* [Problem to work on]:
Only the pictures are to be left out; write out the rest of the data exactly.

--- Provided data ---

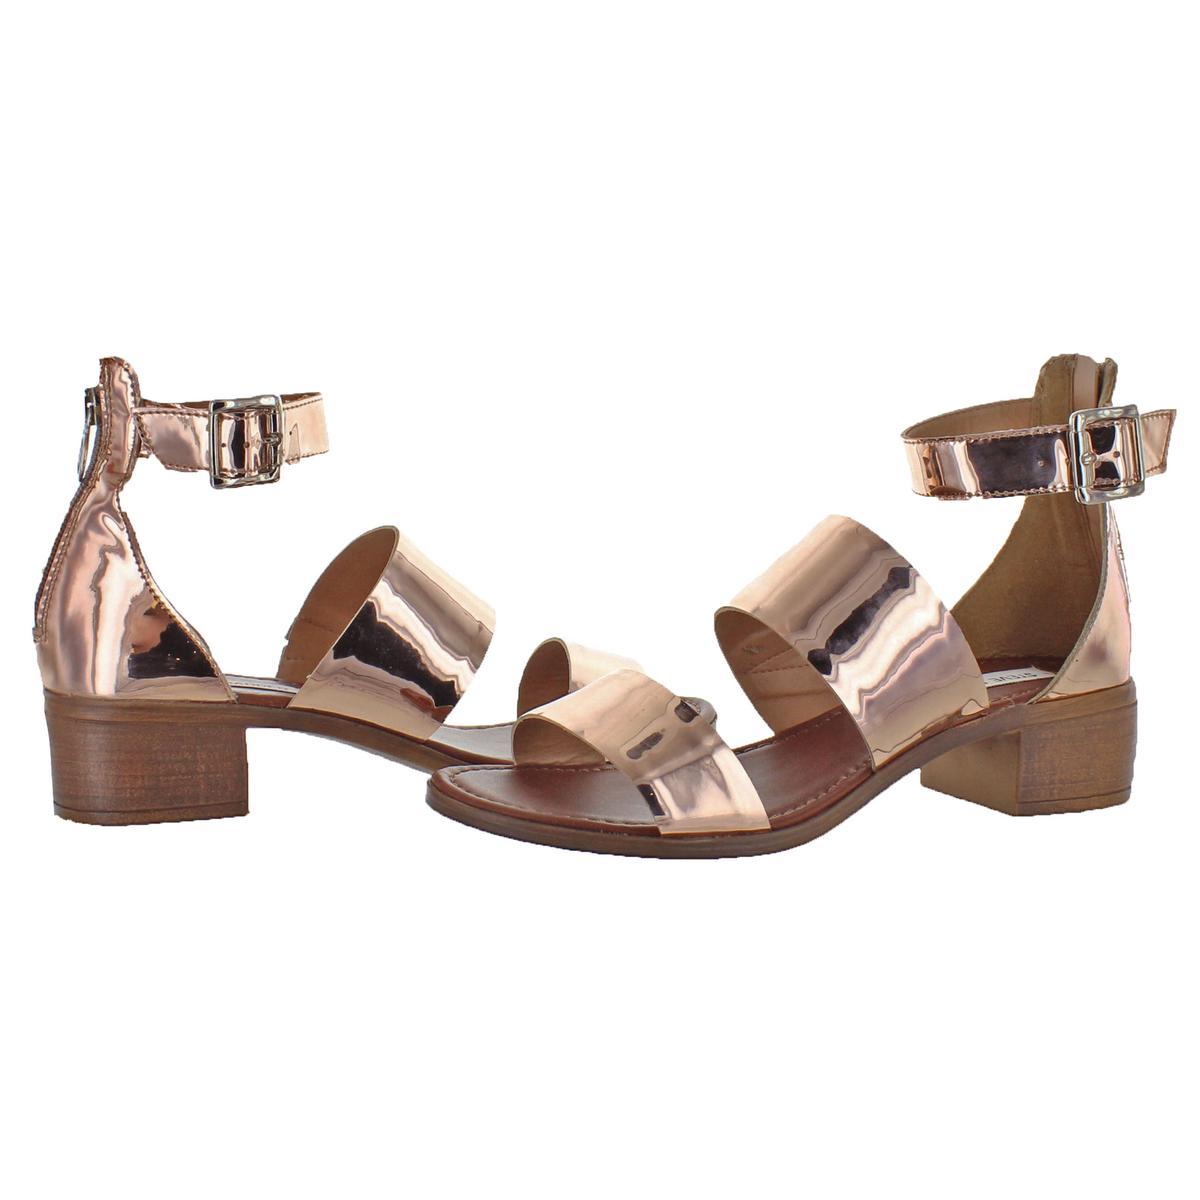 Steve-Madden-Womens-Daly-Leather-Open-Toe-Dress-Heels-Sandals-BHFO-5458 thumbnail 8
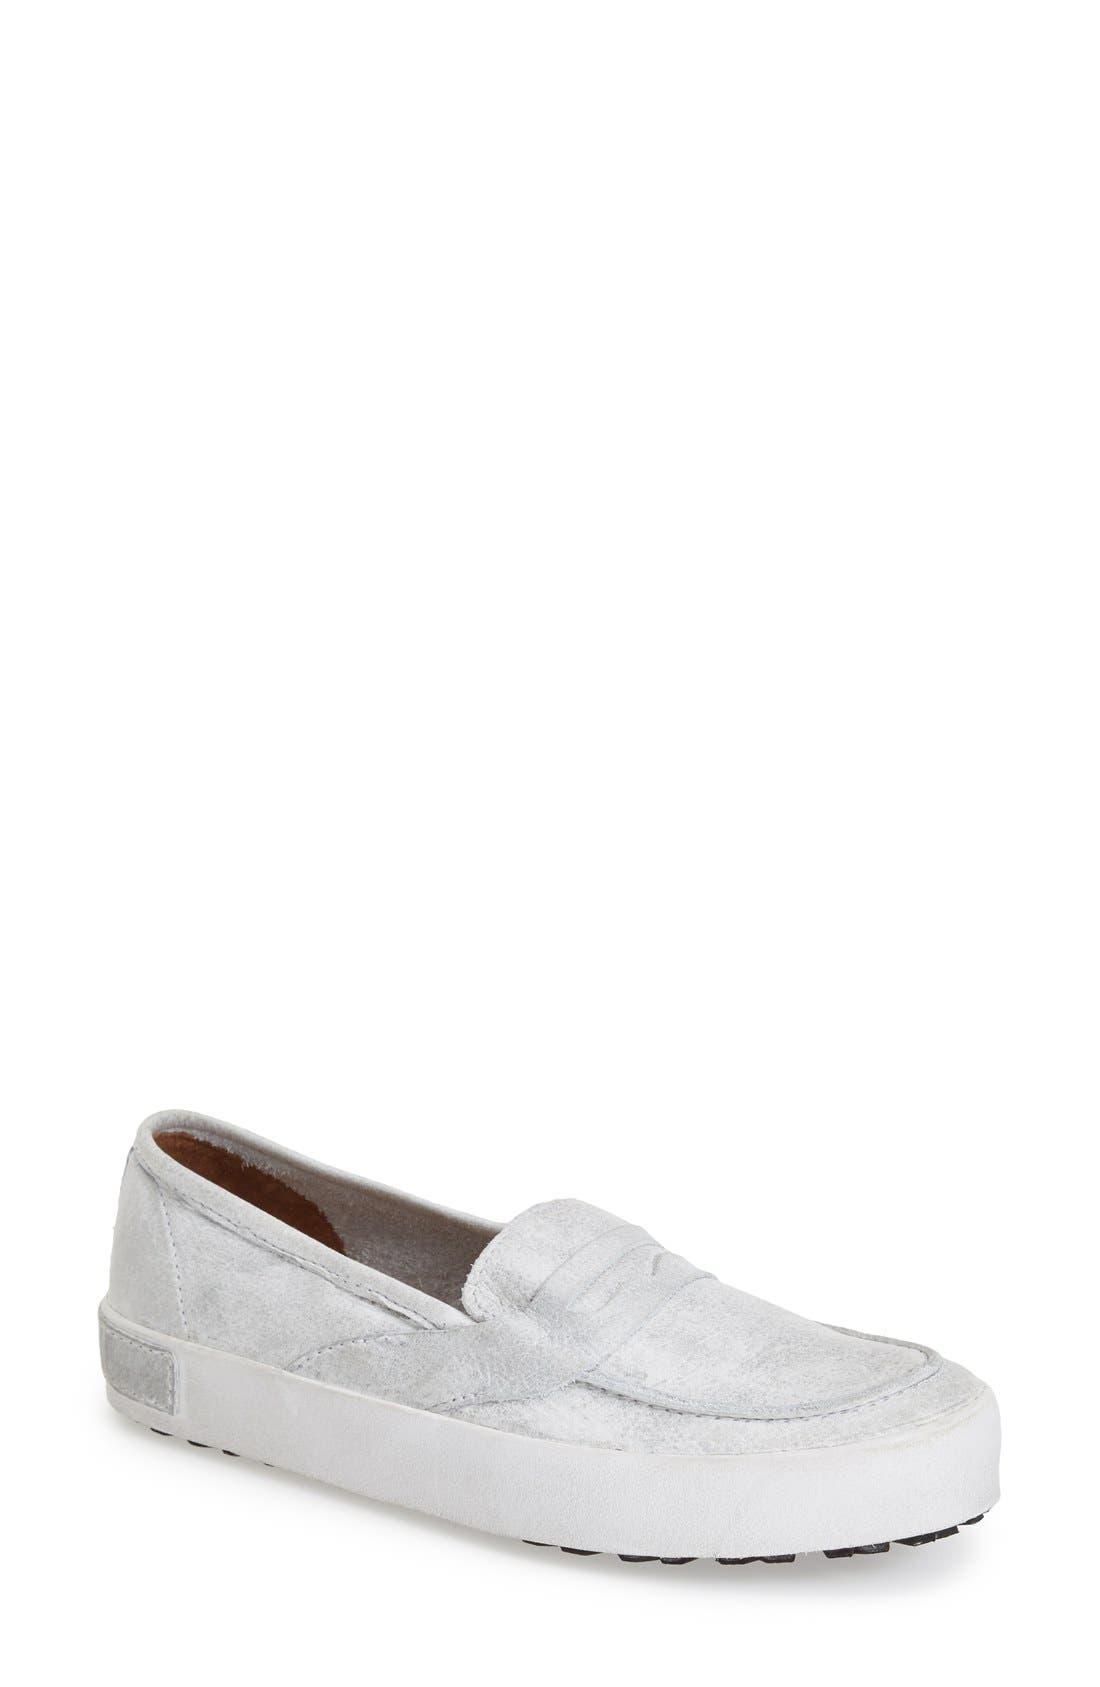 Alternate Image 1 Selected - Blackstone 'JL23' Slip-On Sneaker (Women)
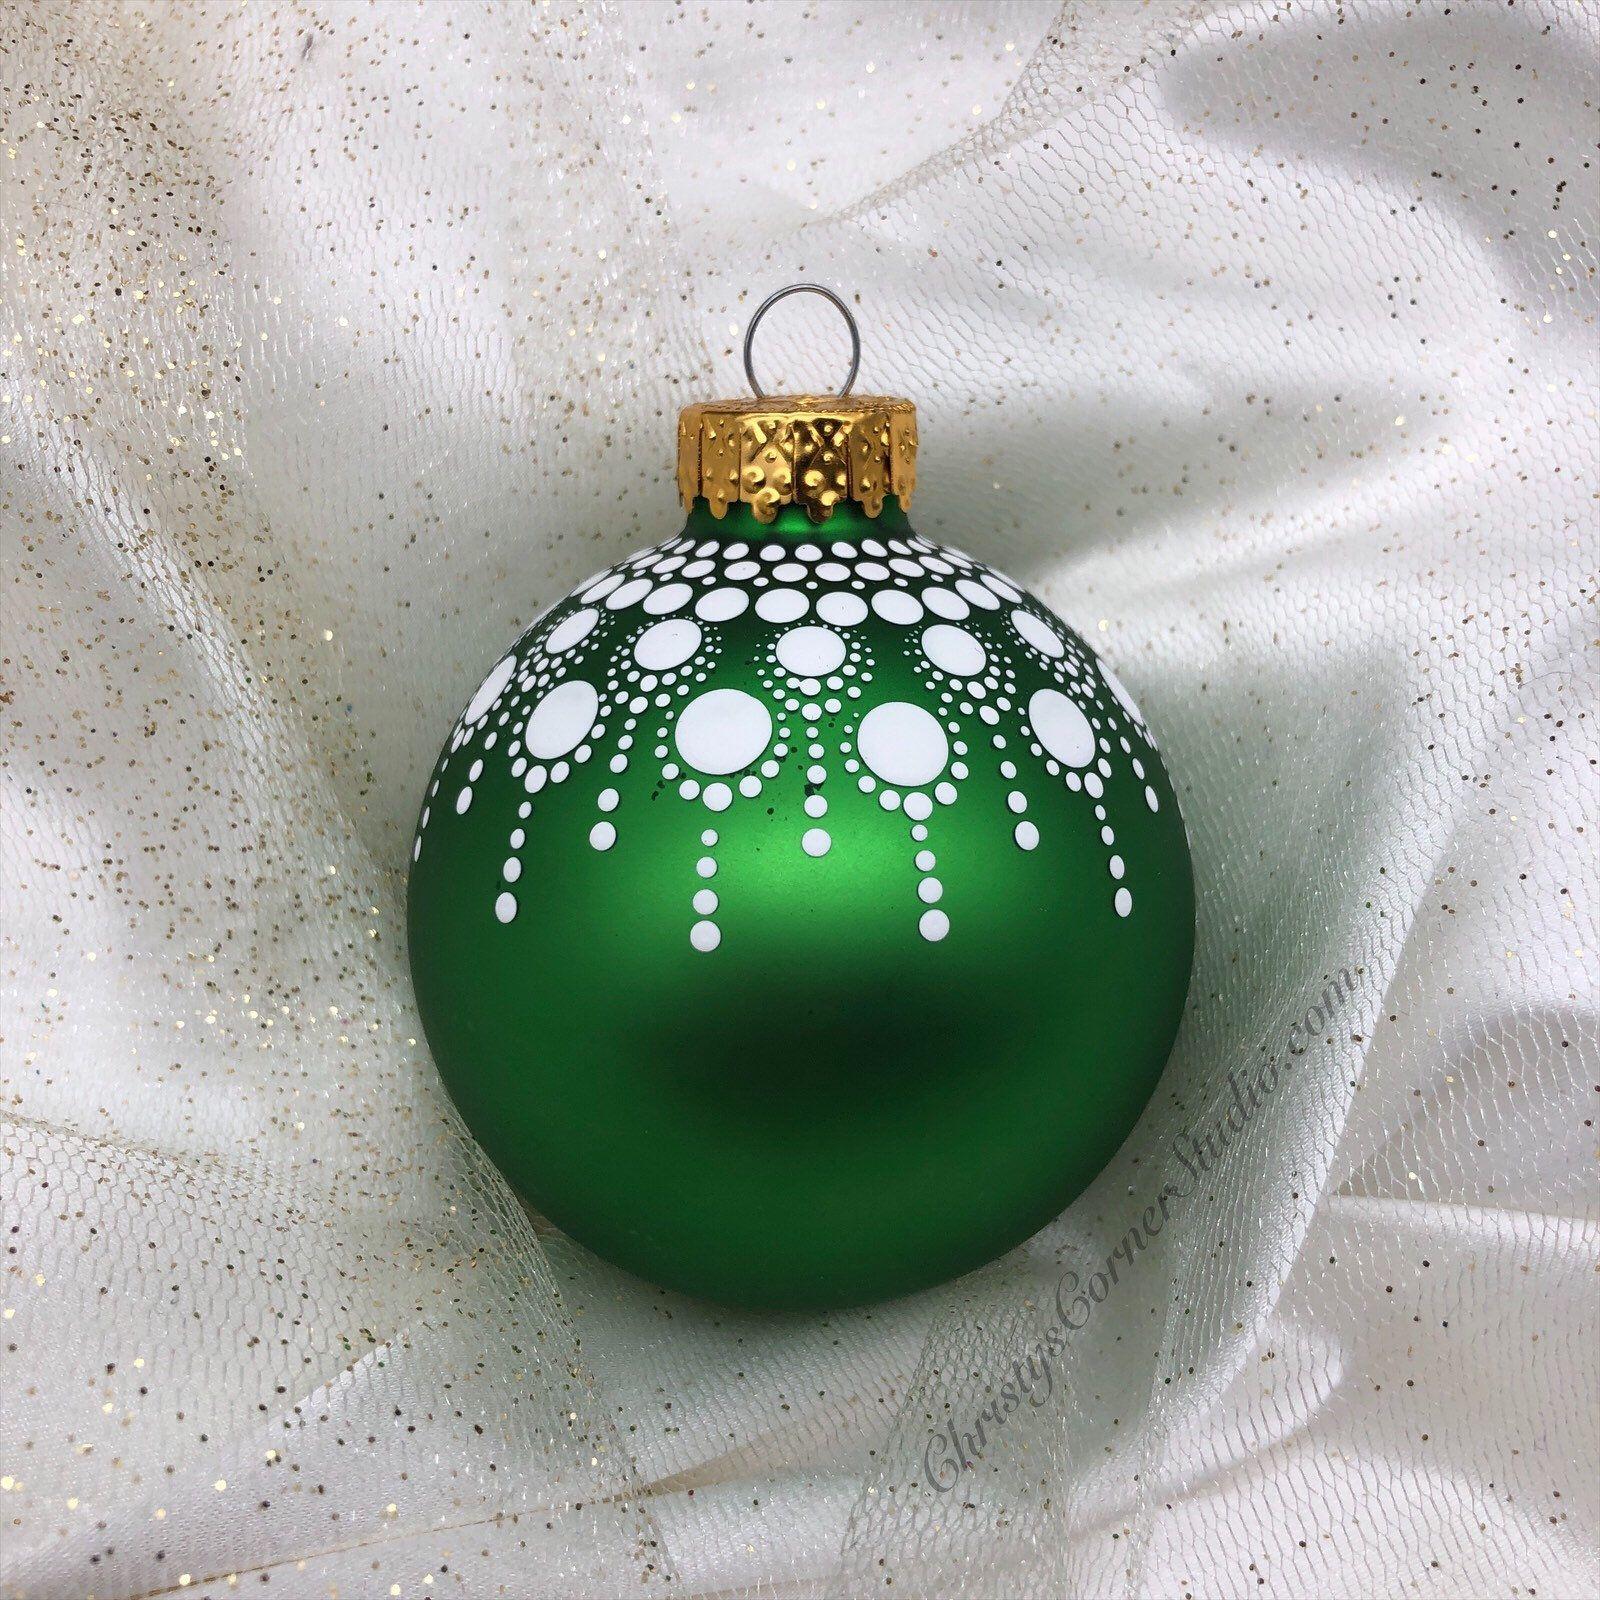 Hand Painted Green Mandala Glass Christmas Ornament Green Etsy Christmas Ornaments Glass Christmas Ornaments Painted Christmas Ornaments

---

* [Answer to this problem]:
 Steve-Madden-Womens-Daly-Leather-Open-Toe-Dress-Heels-Sandals-BHFO-5458 thumbnail 8
 Alternate Image 1 Selected - Blackstone 'JL23' Slip-On Sneaker (Women)
 Hand Painted Green Mandala Glass Christmas Ornament Green Etsy Christmas Ornaments Glass Christmas Ornaments Painted Christmas Ornaments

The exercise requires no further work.